# Suddenly Eating Our Leather Couch



## kuniklos (Jun 3, 2011)

My fiancee and I have had General Bismark since February. We had him fixed and he's loaded up with toys and treats. He's a free roam bunny and has plenty of space. He gets oodles of times with us ( at least 6-8 hours). He is wonderful with his litter tray, never sprayed and is really a great bunny. He took to the carpet for a brief period, but and evening in his cage changed his mind about it. But this time, time out isn't cutting it.

But for some reason he's taken a liking to popping holes on the side of our leather couch. He's never done this before, and I had to admit that I'm pretty miffed about him putting holes in our couch that was pretty expensive. He's never been a nibbler of furniture so it's really strange.

We can't really block off the area unless we buy a cover for the entire couch (which is sort of out of our price range at the moment). I have read that rubbing soap on it could help. Could you fine rabbit lovers give me other options to deter this sudden change of taste in him?


----------



## Watermelons (Jun 3, 2011)

Products designed to keep ketts from scratching your couch should do the same thing. He is chewing at the couch? or Using his nails to poke the holes in it? Either way you can try the doubble sided stickey tape, or if its the chewing, you can try spraying bitter spray on a cloth and wiping it on a small unseen section of the couch, if it doesnt affect it, wipe some where hes causing the problems on the couch (however if hes like my guys, when i sprayed my wooden clothes pegs... they still ate the clothes pegs)

Queen sized fitted sheets turned sideways make great covers for 3 seater couches, but that will only protect the area you sit on.

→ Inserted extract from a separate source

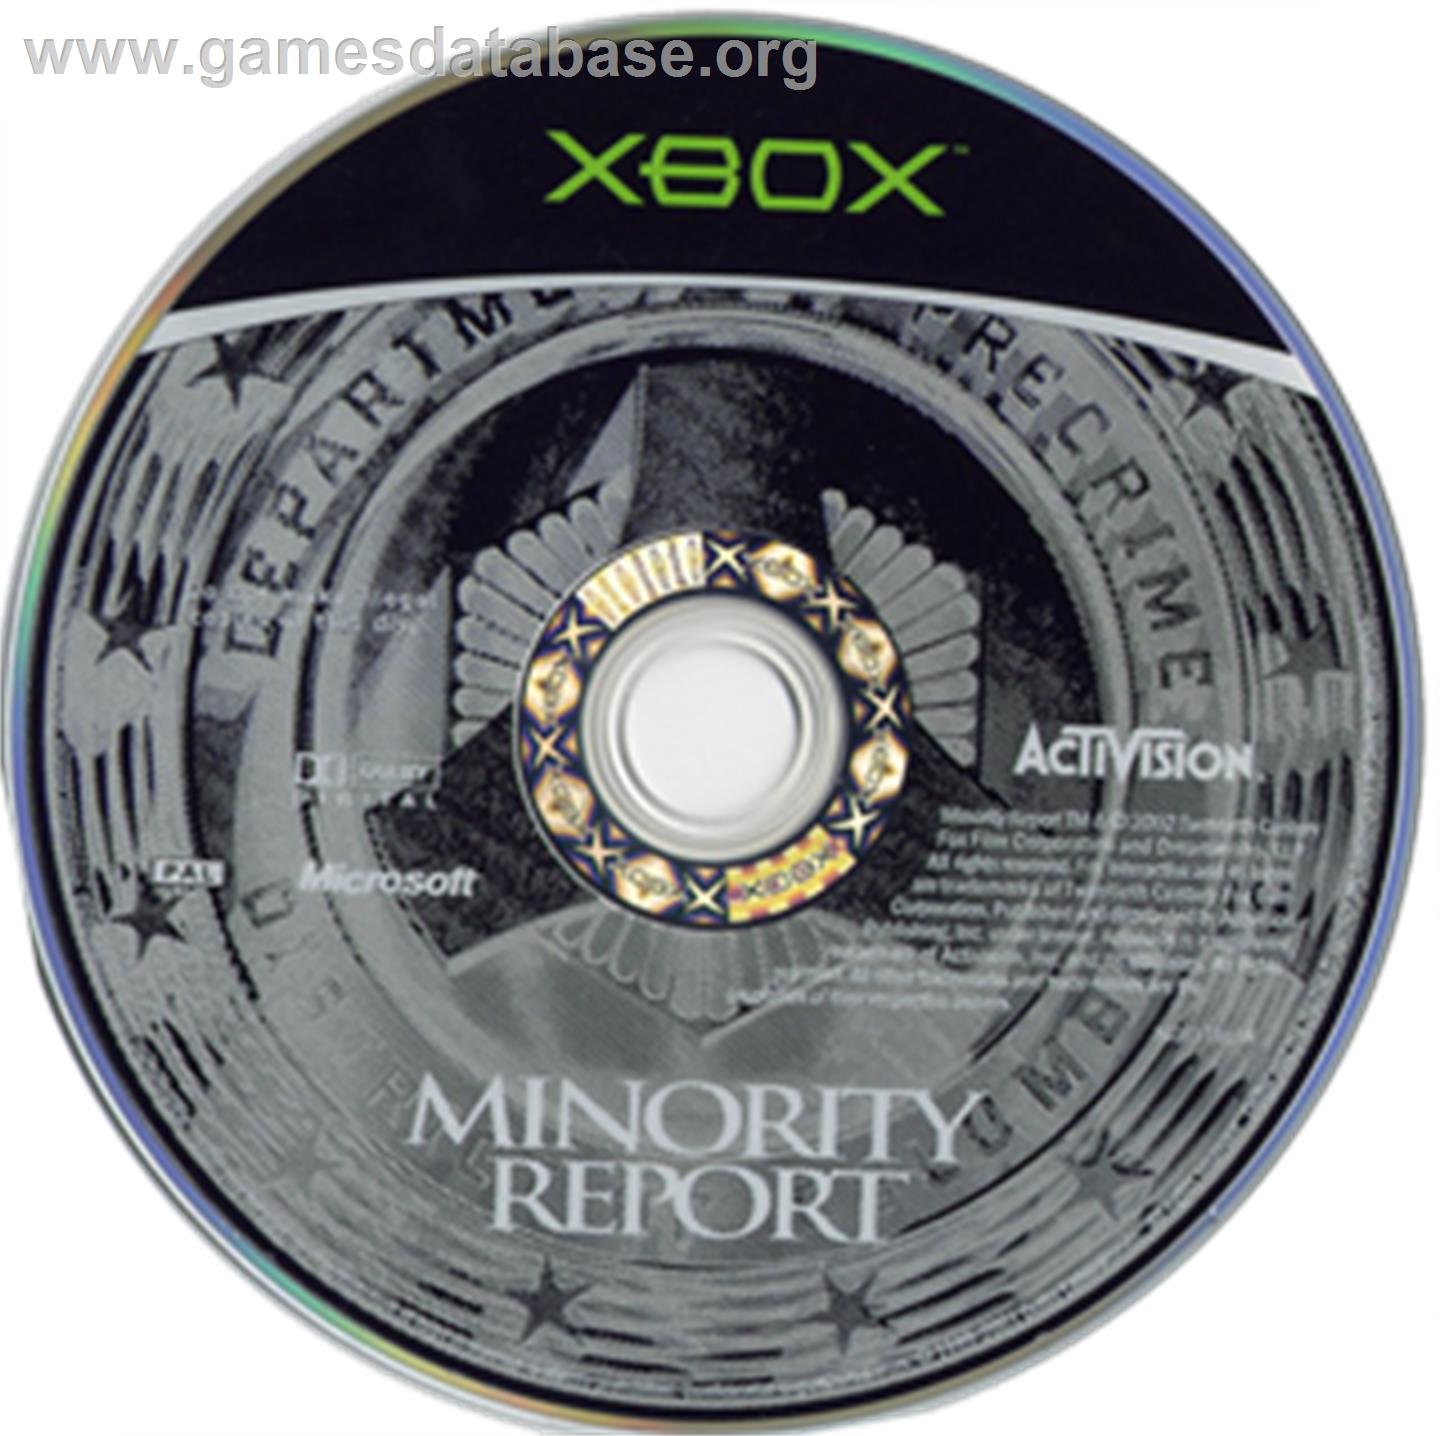 Minority Report: Everybody Runs - Microsoft Xbox - Artwork - CD

Thats all I can think of at the moment.


----------



## Nancy McClelland (Jun 3, 2011)

We encased the Chairs and Couches with custom fit (cut and taped together by me) cardboard. We could still use them but they had to go thru cardboard to get to the back, side, and lower fronts.


----------



## gmas rabbit (Jun 3, 2011)

you could try putting some sort of chewy stick down by the couch ( willow, apple, cherry ) maybe this will discourage him from chewing. Can also use those treat sticks. Other than that lock him out of that room when you are gone, that way you can supervise him for awhile and see what he does. Benjamin chewed a hole in my chair in my bedroom about a month ago, hadn't chewed for months, think he was just pissed off and bored about being left alone. Also try putting some stuffies down beside the couch, maybe that will entertain him.


----------



## kuniklos (Jun 3, 2011)

I wish it was a matter of needing chew sticks. He has natural ones from our cherry tree, and a half dozen different kinds of wood bunny toys as well. He honestly never touches them, other than one with a bell he likes to ring. He's more of a hay ball sort of dude.

As for what he's exactly doing, he's nibbling on the frames until he can get a small grab of leather, and pops holes on a line down the side of it.

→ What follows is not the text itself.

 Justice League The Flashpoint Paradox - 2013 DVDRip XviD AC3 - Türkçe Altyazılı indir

I will consider a bitter. I wasn't sure they were rabbit safe, but will look into them! I rubbed some dishwash soap lightly on the side to see if it works. I think it might have. He just went around the couch, I walked over, and he came right back. Or maybe he ran away because he got caught, and not because of soap tongue.


----------



## elroyandjoann (Jun 4, 2011)

Elroy destroyed our leather couch. Luckily we bought it used. He liked to dig to get under it and rip off the leather at the same time. The only thing we found to even kind of work is getting the grids (like to build condos with) and standing them up around the couch. Our new couch is not leather lol.


----------



## kuniklos (Jun 4, 2011)

*elroyandjoann wrote: *


> Elroy destroyed our leather couch. Luckily we bought it used. He liked to dig to get under it and rip off the leather at the same time. The only thing we found to even kind of work is getting the grids (like to build condos with) and standing them up around the couch. Our new couch is not leather lol.


Yeah, we're really bummed. This was the only room we denyed him access, and he just got access over the last three weeks. Sadly the couch was new and a joint present from my family. I just wished he took a liking to my leather shoes instead! XD


----------